Pacers Leading Scorer- Jamaal Tinsley (21)

Heat Leading Scorer- Dwyane Wade (37)


----------



## Gonzo (Oct 14, 2004)

Pacers- 93
Heat- 86


----------



## -33- (Aug 6, 2002)

Heat 92
Pacers 87


----------



## Kekai (Jan 12, 2005)

Heat- 103
Pacers-90

Wade-30 pts.


----------



## naptownpimp (Feb 1, 2004)

pacers 101
heat 95


----------



## Turkish Delight (Mar 17, 2004)

If Shaq doesn't play, we got this one.


----------



## Pacers Fan (Aug 25, 2002)

27-21 Pacers at the end of the 1st.


----------



## Pacers Fan (Aug 25, 2002)

Why are Harrison and Croshere playing ahead of JO and Foster?

JAMES JONES FOR 3!


----------



## naptownpimp (Feb 1, 2004)

james jones hits a 3!!!!!!!!!!!!

30-22


----------



## Pacers Fan (Aug 25, 2002)

Take Harrison out, now! Croshere, Harrison, and JJ is a horrible rebounding frontcourt.


----------



## Pacers Fan (Aug 25, 2002)

Reggie for 3!

35-28 Pacers with 8:30 to go


----------



## Pacers Fan (Aug 25, 2002)

The ball went out of bounds at the count of two, the ref doesn't call it, and they call a shot clock violation when it hits one. Bull****


----------



## Pacers Fan (Aug 25, 2002)

JO with a very nice spin move and almost hits the shot and the foul.

36-28 Pacers with 7:32 left in the 2nd.


----------



## Pacers Fan (Aug 25, 2002)

Man, besides Wade, the Heat are acting like the Magic and missing layups and easy shots.

38-28 Pacers with 6:36 to go


----------



## Pacers Fan (Aug 25, 2002)

Harrison barely hits a layup. JO hits.

42-28 Pacers with 5:20 left in the half


----------



## Pacers Fan (Aug 25, 2002)

****. Foster has back spasms. Pollard had it, now Foster. This sucks.

42-32 Pacers with 4:30 left in the half

Timeout Indy.


----------



## Pacers Fan (Aug 25, 2002)

Nice charge Harrison! And Wade is injured!


----------



## Pacers Fan (Aug 25, 2002)

Everyone isn't taking wide open shots, and then, of course, Jermaine misses.

45-38 Pacers with 1:40 left in the half


----------



## Pacers Fan (Aug 25, 2002)

Harrison blocks Wade, then Wade gets a rebound over Harrison, but saves it to JO. Someone tried an alley-oop to Freddie that went into like the 5th row.


----------



## Pacers Fan (Aug 25, 2002)

JO moves out of the way of Damon Jones, and then is called for a foul.

45-41 Indy with 21 seconds left in the half.


----------



## Turkish Delight (Mar 17, 2004)

Reggie with 13 points already.
Something tells me he is going to cool down in the 2nd half.


----------



## Pacers Fan (Aug 25, 2002)

JO hits with 1 second left.
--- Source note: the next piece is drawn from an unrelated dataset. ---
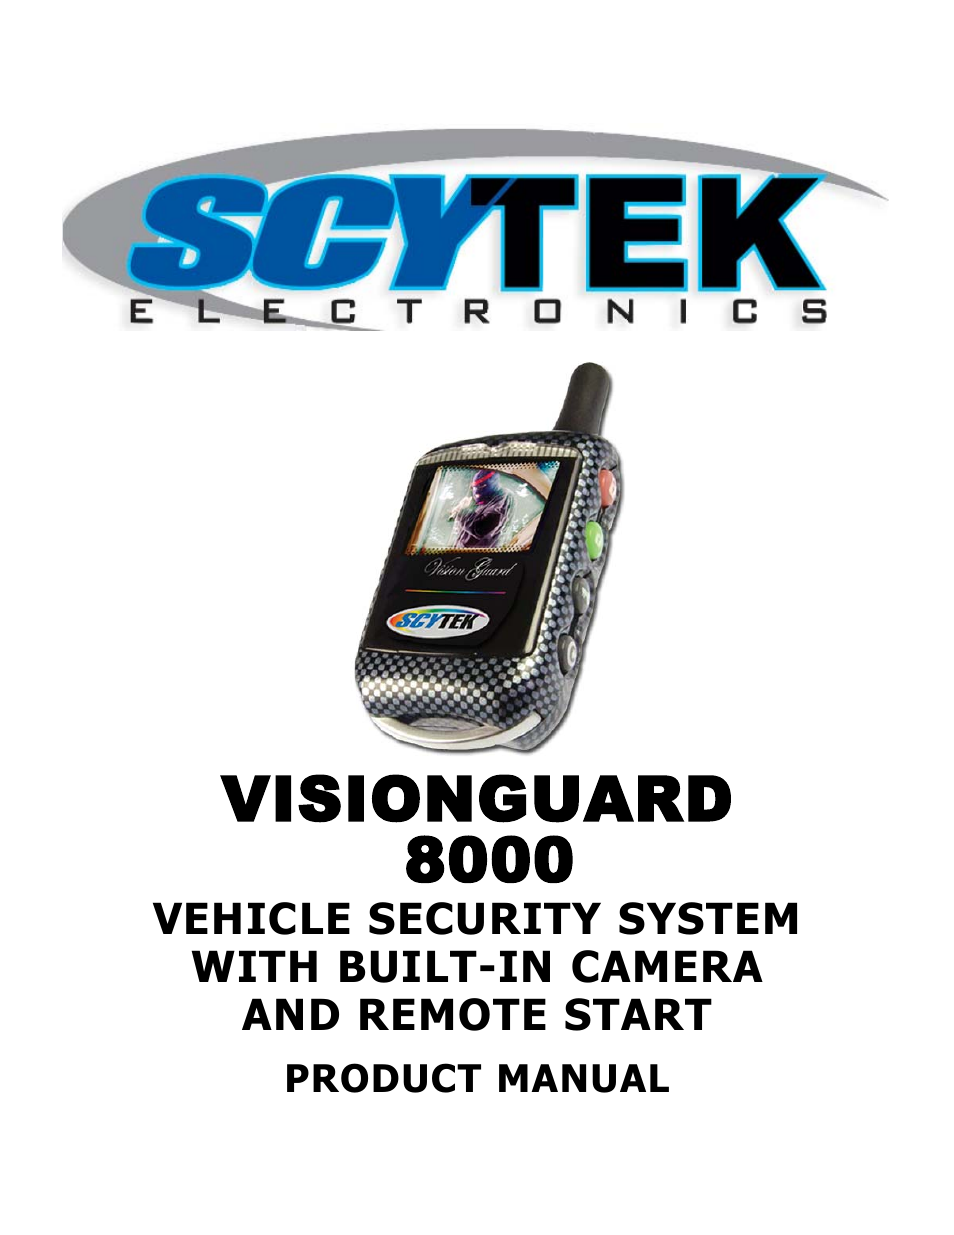 scytek electronics visionguard 8000 user manual

The Heat dribble it out.

47-41 Pacers at the half. Reggie clips coming up!


----------



## Turkish Delight (Mar 17, 2004)

At least Harison is finally getting some time to play.
We really need this kid to develop.


----------



## Pacers Fan (Aug 25, 2002)

I love that play against Chicago. What I love even more is how they didn't show the push-off. :biggrin:


----------



## Turkish Delight (Mar 17, 2004)

This is what sucks about living in Canada....


----------



## Gonzo (Oct 14, 2004)

Turkish Delight said:


> This is what sucks about living in Canada....
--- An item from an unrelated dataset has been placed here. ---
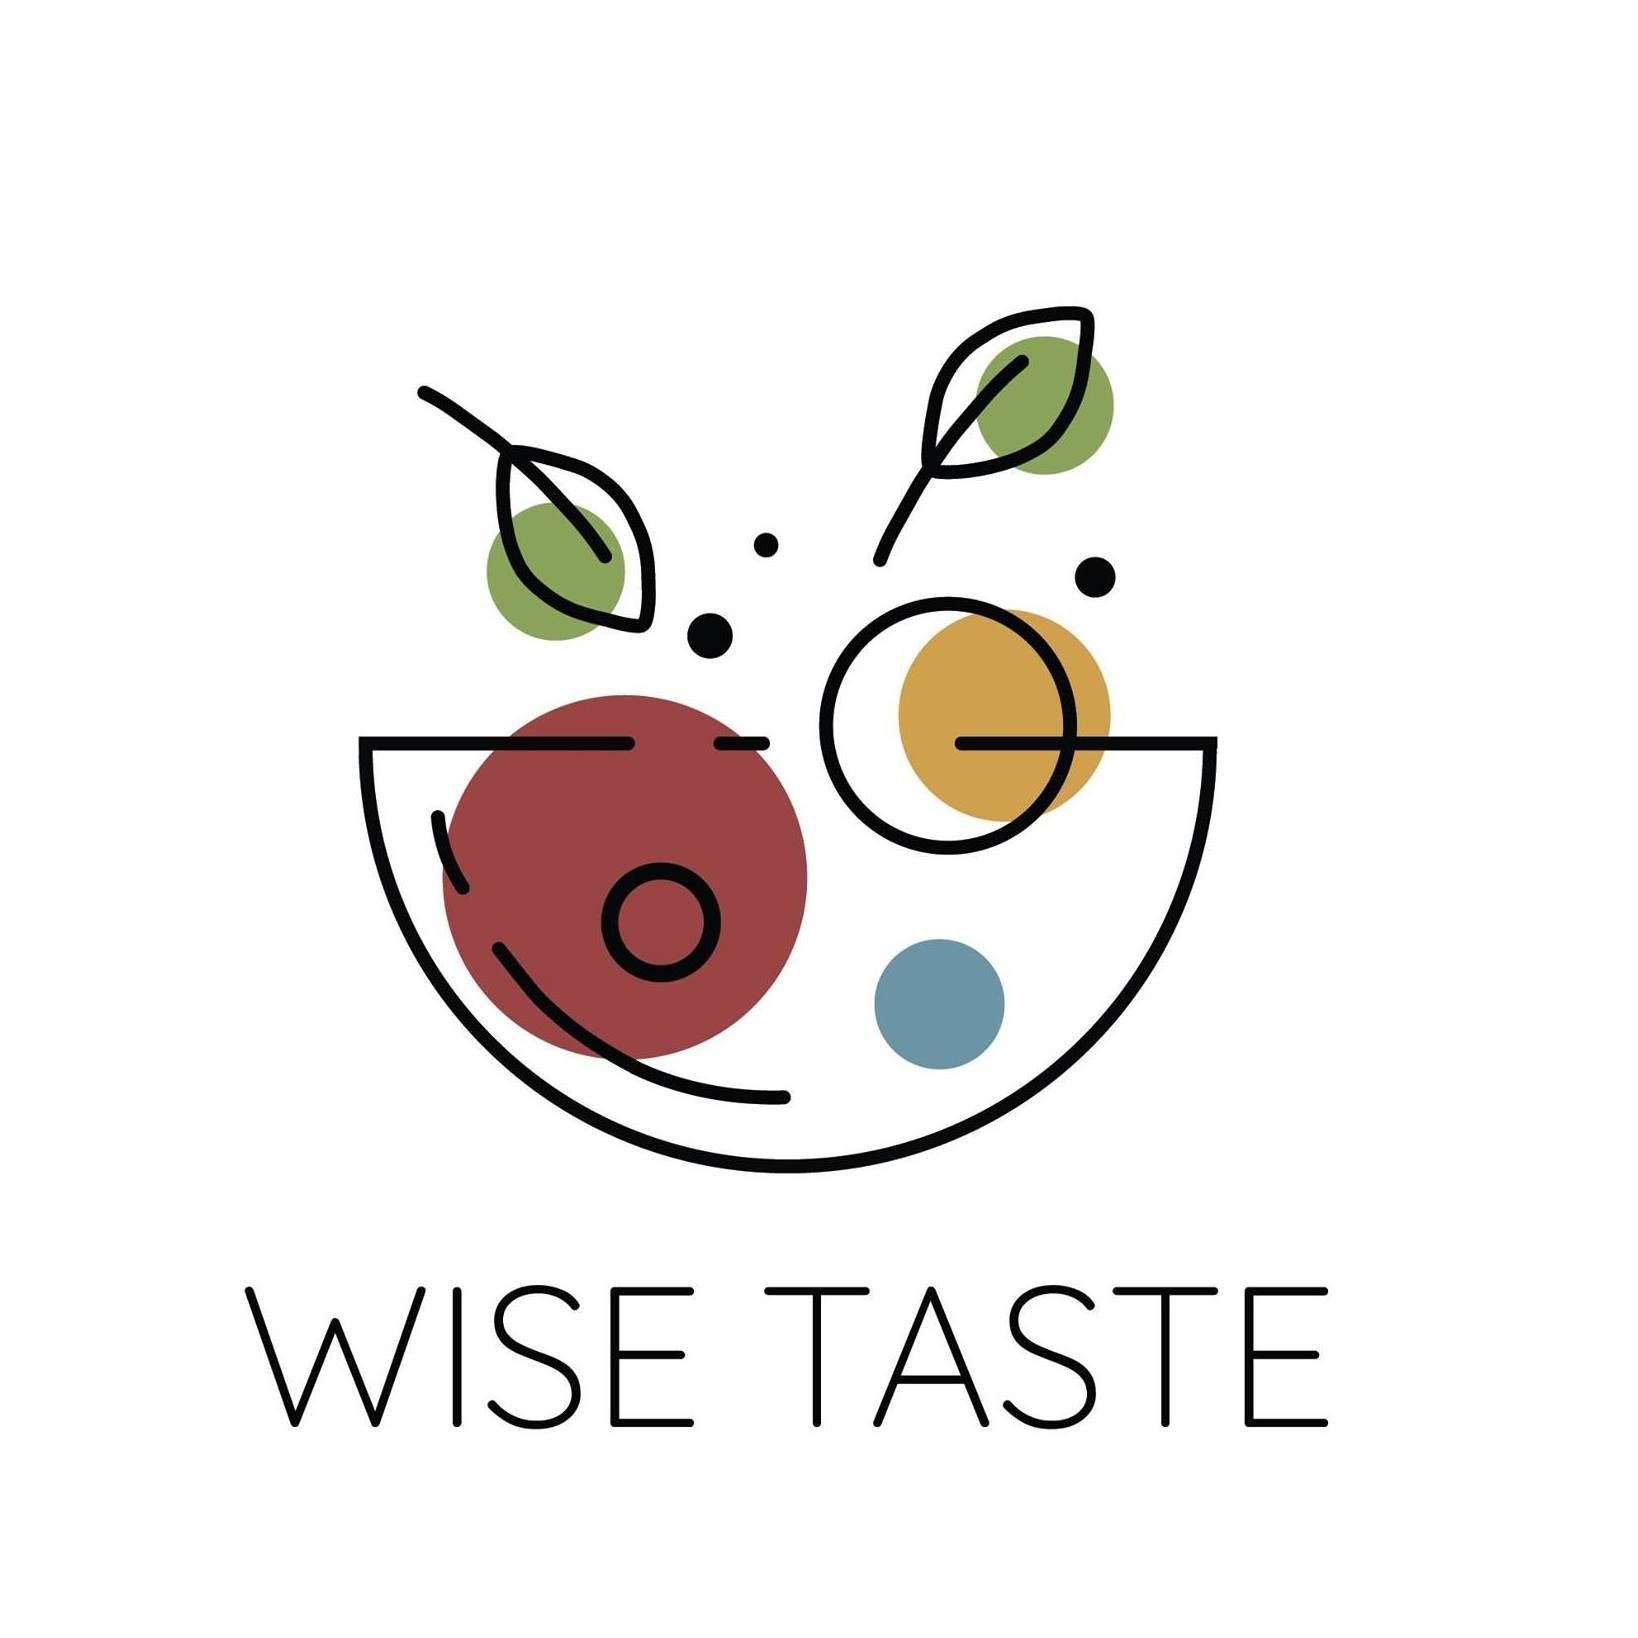 wise taste

Are you going to move to the U.S. when you get older?


----------



## Pacers Fan (Aug 25, 2002)

47-43 Indy with 10:30 left in the 3rd. If we lose this one....


----------



## Pacers Fan (Aug 25, 2002)

49-48 Indy :nonono:


----------



## Pacers Fan (Aug 25, 2002)

52-49 Heat with 7:40 to go in the 3rd :no:


----------



## naptownpimp (Feb 1, 2004)

ive been half *** watching this game (can i say that?)
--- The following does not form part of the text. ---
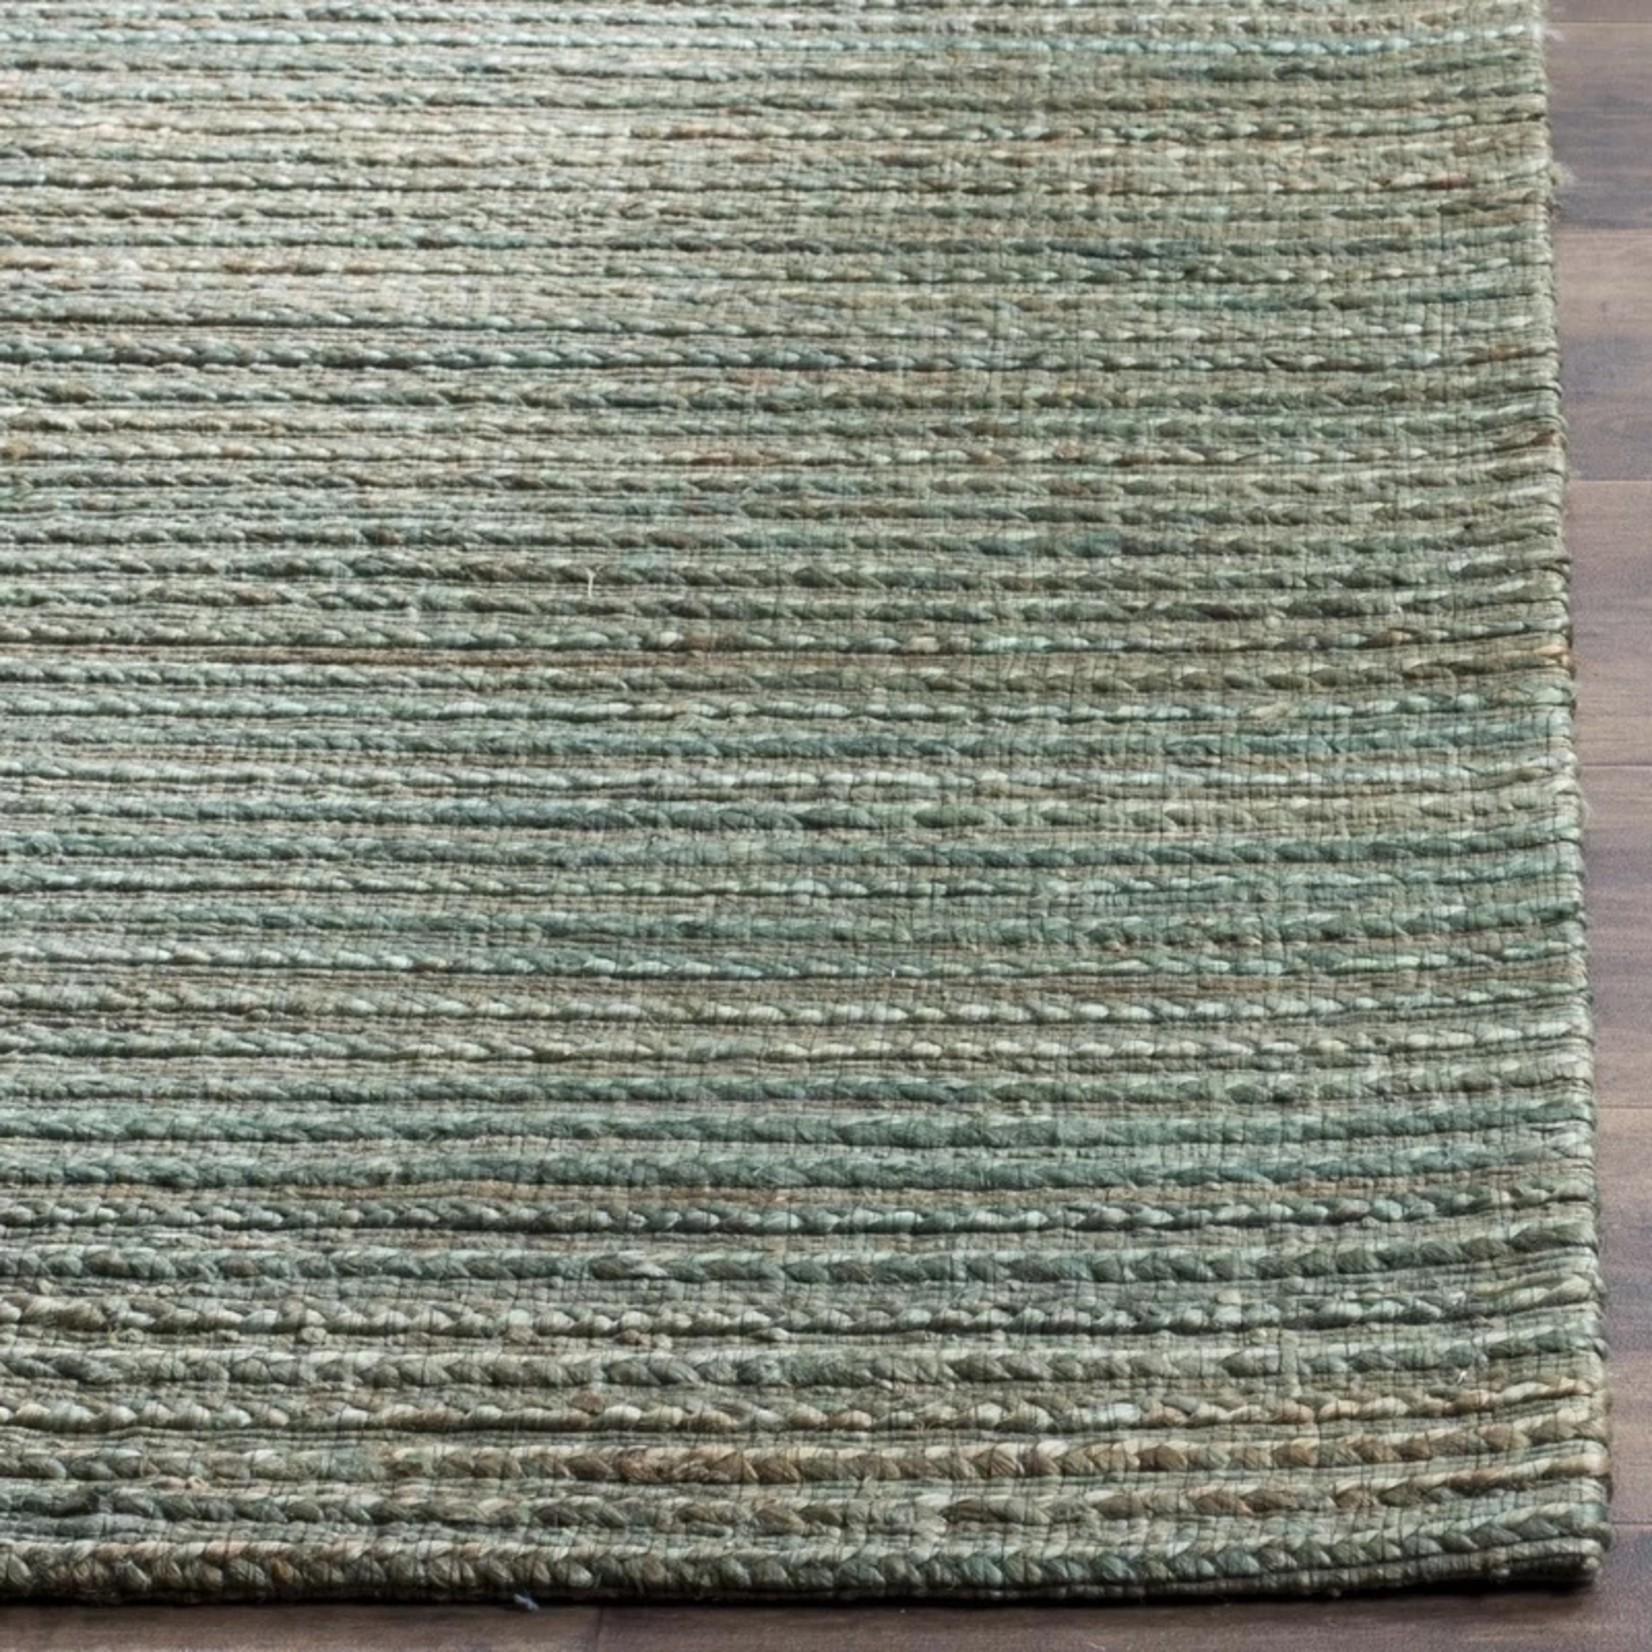 *5' x 8' - Abia Handmade Flatweave Sage/Natural  Area Rug

time to set back and check it out
54-51 HEAT


----------



## Pacers Fan (Aug 25, 2002)

naptownpimp said:


> ive been half *** watching this game (can i say that?)
> 
> time to set back and check it out
> 54-51 HEAT


We were once up by 14. JO is the only one rebounding out there, and he can't do it alone. Wade is getting all the calls and no-calls.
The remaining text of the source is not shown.